From JASMINE BROWN, Plaintiff, v. MONTEFIORE MEDICAL CENTER, et al., Defendants., 2019 WL 6878214 (S.D.N.Y., 2019):
In my Opinion & Order, I observed that Defendant offered two non-discriminatory reasons “for Plaintiff’s termination: (1) Plaintiff’s act of working shifts during the leave she had been granted on December 5 and 6, 2013; and (2) Plaintiff’s failure to punch out when she left her shift on December 6, 2013.” (Doc. 102, at 16.) Defendant now argues that when denying its motion for summary judgment I “overlooked the proffered evidence of the actual reason for Plaintiff’s termination, and misstated those reasons [sic] in [my] analysis.” (Doc. 103, at 16.) Reexamining Defendant’s memorandum of law in support of its motion for summary judgment, I find that Defendant is incorrect.
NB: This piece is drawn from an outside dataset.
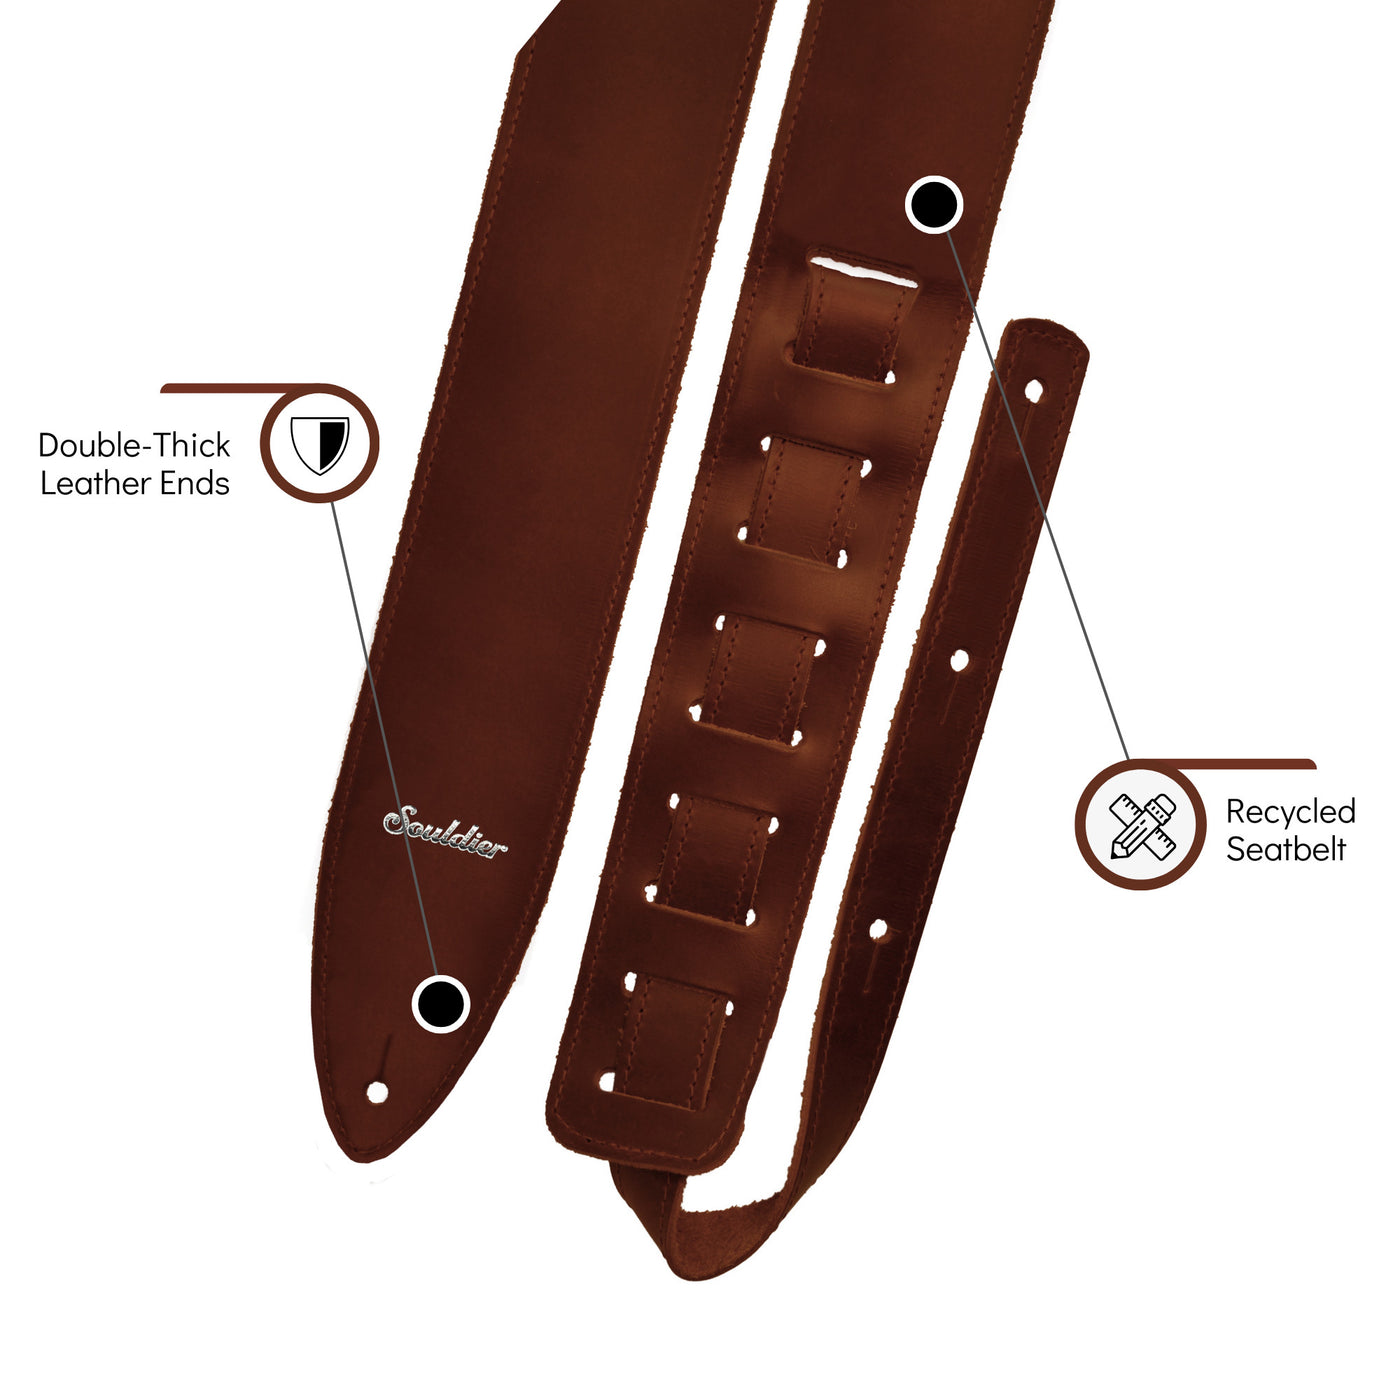 Souldier TGS0000BR02BR - Handmade Souldier Solid Torpedo Strap for Bass, Electric, or Acoustic Guitar, Adjustable Length from 42.5" to 55" Made in the USA, Brown

When articulating the alleged non-discriminatory reasons for Plaintiff’s termination, Defendant’s memorandum of law unambiguously stated the following:
Plaintiff’s act of working shifts elsewhere during her requested bereavement period, standing alone, constitutes a terminable offense. (56.1 Stmnt. ¶ 41.) But Plaintiff also failed to punch out timely when she left her shift on December 6, causing further expense to the department. This too constituted a violation of Montefiore policy. (Policy Number VII-I, attached to Malley Decl. as Exhibit O (“Dishonesty, including falsification of records, reports, documents or time/attendance records.”)
(Doc. 90, at 20.)
Contrary to Defendant’s motion, these are the exact proffered reasons for Plaintiff’s termination that I analyzed in my Opinion & Order. Defendant is wrong to now argue that I should have read more into its memorandum than the quoted language posits, particularly when the burden was on Defendant to proffer legitimate, non-discriminatory reasons for the adverse employment action. See Abdu-Brisson v. Delta Air Lines, Inc., 239 F.3d 456, 468–69 (2d Cir. 2001). Such an argument is not the proper subject of a motion for reconsideration.